The canon 24-105 L lens is superb, but designed for full frame cameras such as the 5d. 
The 15-85 is a superb lens for the 60d or 7d, but isn't weather sealed. As such, theres no point thinking that the 7d would be more weather resistant.

The 60d would be my choice (I have a 550D), with any savings put towards decent lenses (mine are worth double the cost of the camera).


----------



## DW58 (Nov 27, 2010)

aeronic said:


> Do you have much invested in lenses? If not, I would definitely consider what you're going to use.
> 
> The canon 24-105 L lens is superb, but designed for full frame cameras such as the 5d.
> The 15-85 is a superb lens for the 60d or 7d, but isn't weather sealed. As such, theres no point thinking that the 7d would be more weather resistant.
> ...


Which lenses - can your body fully exploit the capabilities of them?

That's all very well, but your entry-level body (EOS 550D) will not get the same performance from the more expensive "L-series" and other high-end lenses that higher-specified canon bodies will owing to such things as slower autofocus, less complex metering etc.

It's not a case of thinking that the EOS 7D is more weather resistant, it is more weather resistant than any other bodies in the APS-C range. If you choose to put an entry-level lens on it you're obviously not going to get the level of construction and weather-proofing that you would for example on my EF 100-400L IS lens.


----------



## aeronic (Jan 29, 2013)

I tend to use prime lenses so 35 f2 60 macro 85 f1.8 and of course 70-200L. Of course my body is useless at action focus, however the 60d that the OP is interested in has at least 9 cross type. 
That being said the 7d is awesome if you're into Motorsport, sport or birds.


----------



## DW58 (Nov 27, 2010)

In all honesty, I think that the OP would probably be best with the EOS 60D but as he asked about advantages/disadvantages of the 60D vs. 7D and as I own both, I thought I'd do my best to detail these as I see them based on my experience. 

When I originally moved up from my 40D, I dithered for several weeks on which to buy and to be honest within days of receiving my 60D I knew that I'd made the wrong decision for my specific needs. That aside, had I not had the unforeseen accident with the 60D shutter owing to a combination of my own carelessness and not reading the manual properly (a classic male trait according to SWMBO), I wouldn't have upgraded to the 7D until much later, possibly until the Mk.II comes along. 

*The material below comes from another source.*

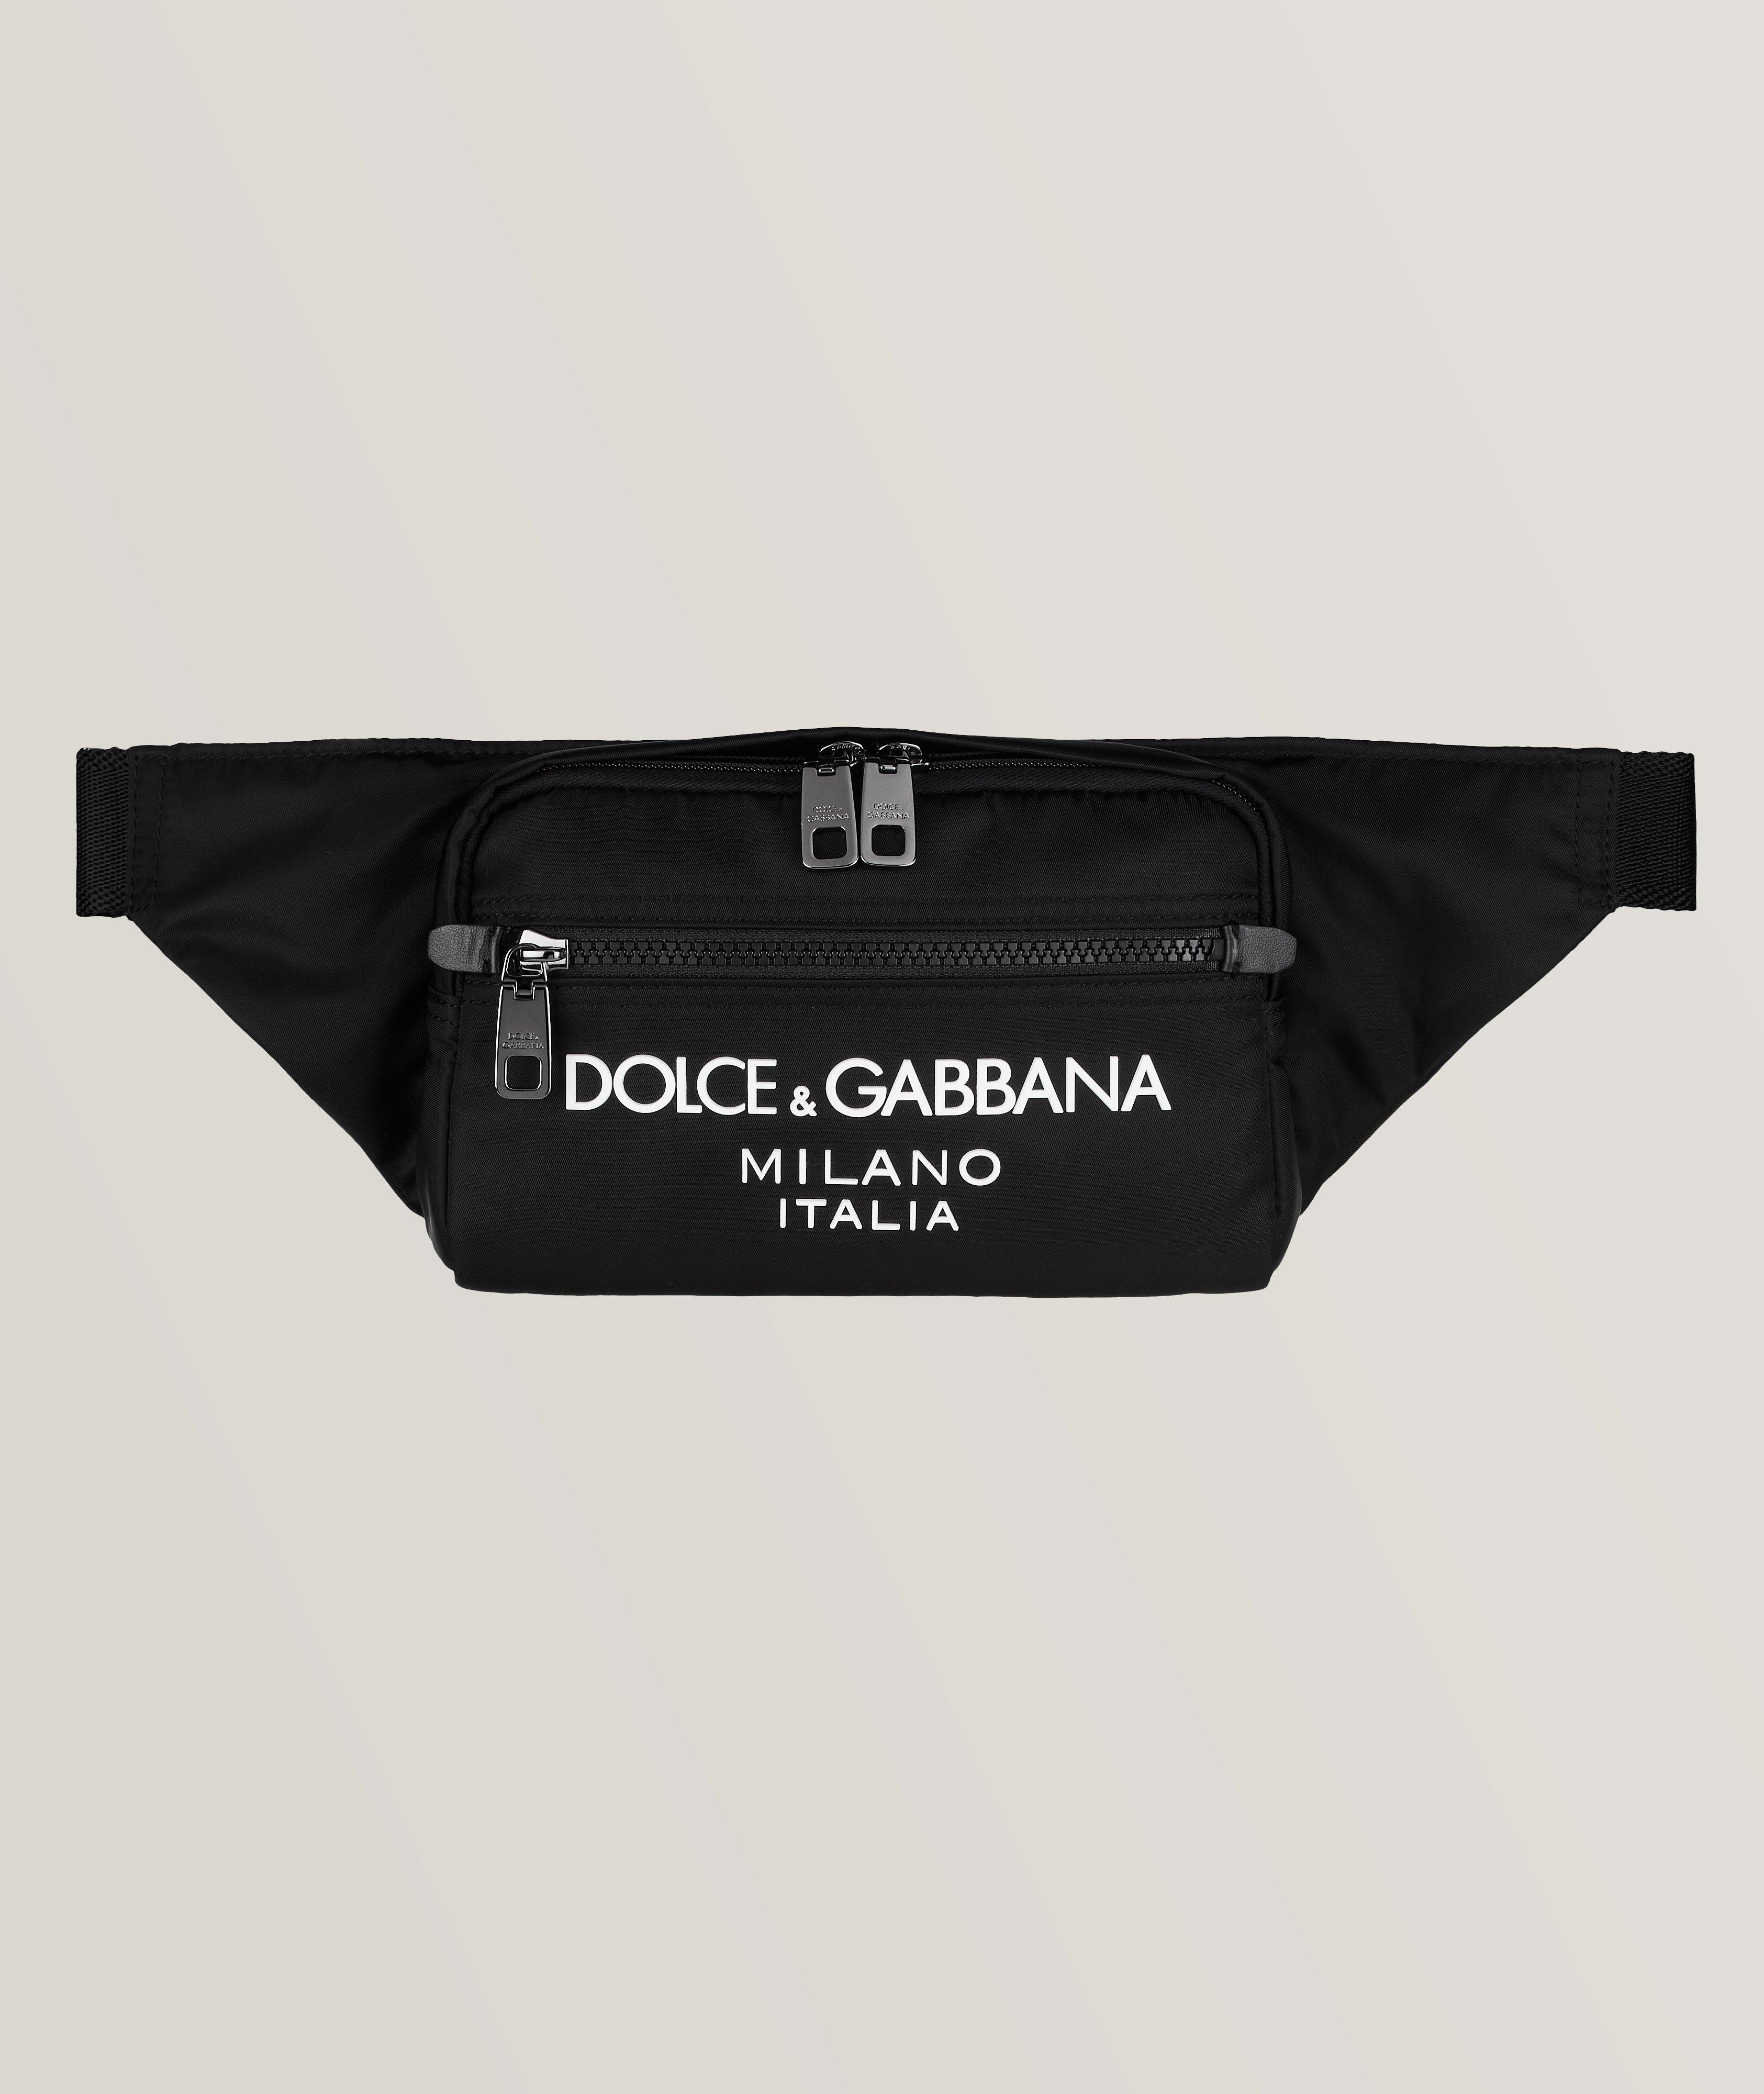 Dolce & Gabbana Logo Lettering Adjustable Belt Bag | Bags & Cases ...

In the ten months I've owned the 7D I've fully exploited its capabilities, even moreso since the software was significantly upgraded/improved in September of last year, but I fully acknowledge that it's not for everyone.

Unless you specifically need the robustness of the 7D, its weatherproofing, focus points, fast autofocus, fast processing, drive speed, burst capability etc., buy the 60D.

Just as an aside, in most situations with the same lens, settings, position etc., the images from both cameras will be nigh on identical until you get into a situation where the capabilities of the 7D are essential.


----------